TASK REQUIREMENTS:
Leave out any pictures and transcribe all other data below exactly.

##### SOURCE DATA

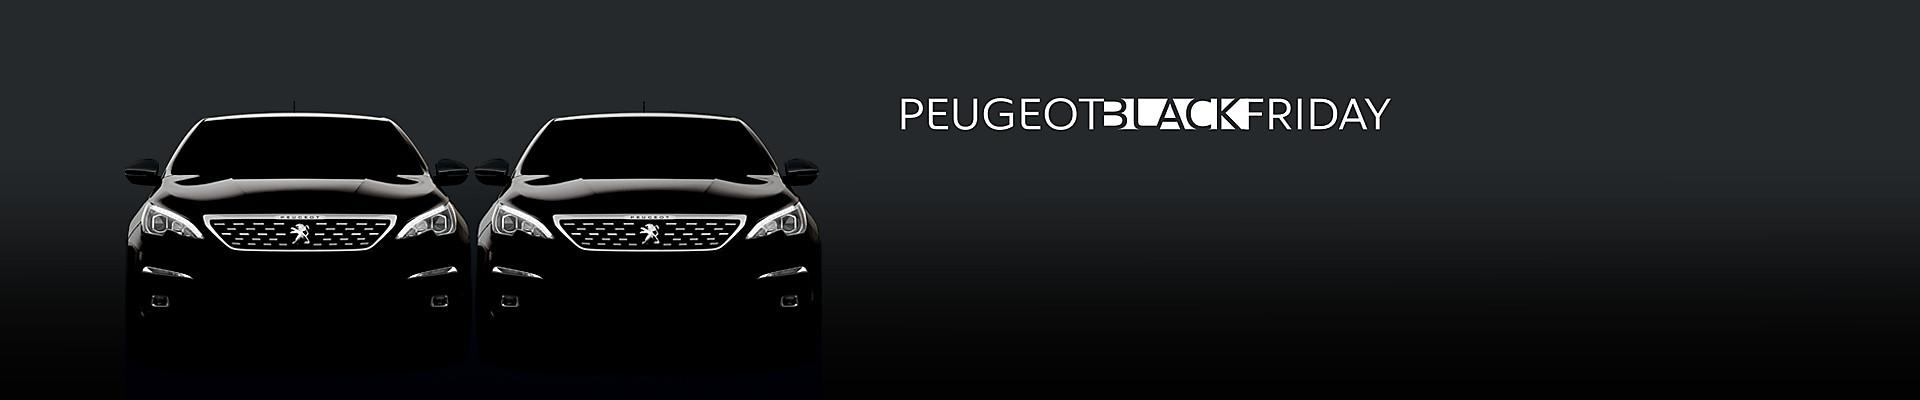 Peugeot Black Friday Event Large
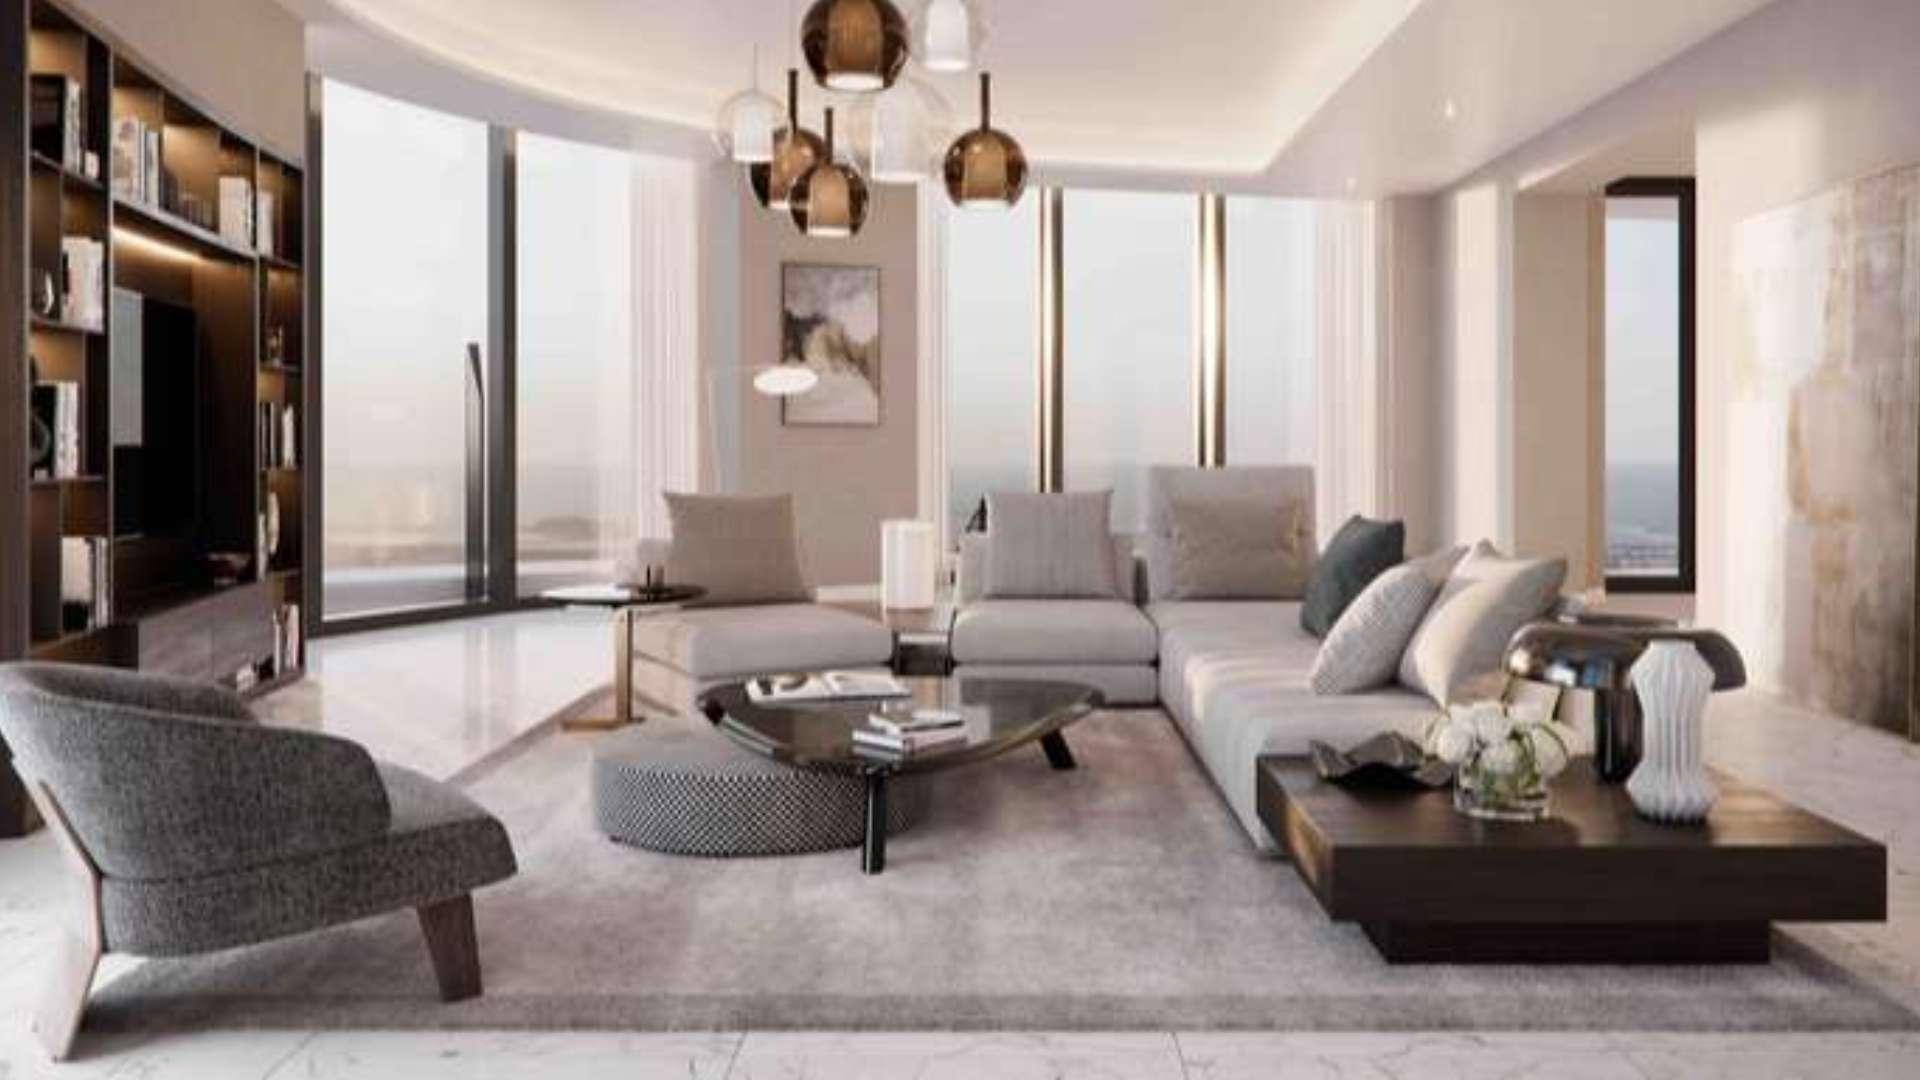 Ático en venta en Dubai, EAU, 5 dormitorios, 1068 m2, № 24320 – foto 1
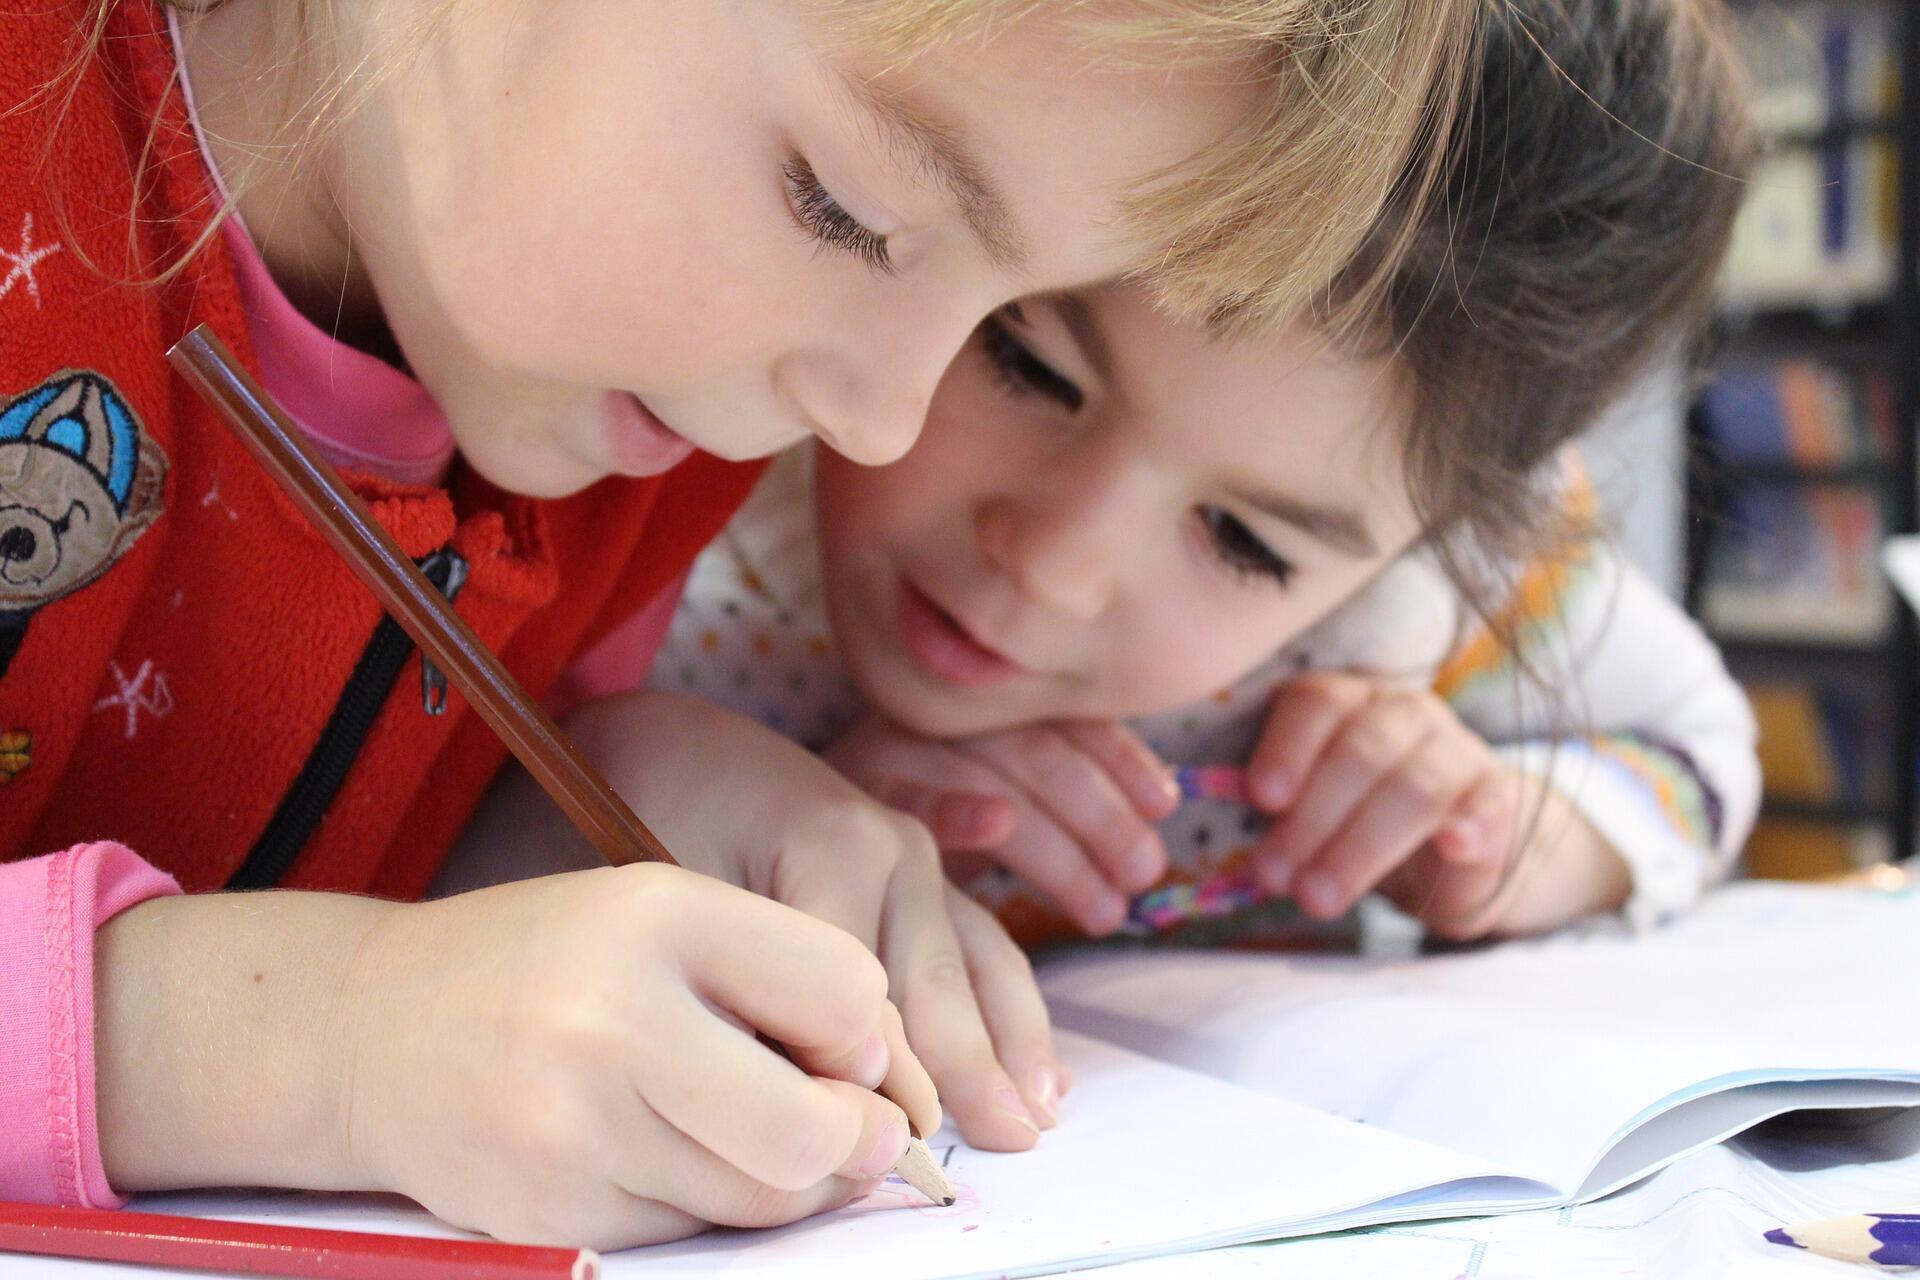 Dificuldade para as crianças de escrever fazem cada vez mais parte da rotina de pais e professores, avaliam especialistas.

##########

ANSWER:
 Peugeot Black Friday Event Large
 Ático en venta en Dubai, EAU, 5 dormitorios, 1068 m2, № 24320 – foto 1
 Dificuldade para as crianças de escrever fazem cada vez mais parte da rotina de pais e professores, avaliam especialistas.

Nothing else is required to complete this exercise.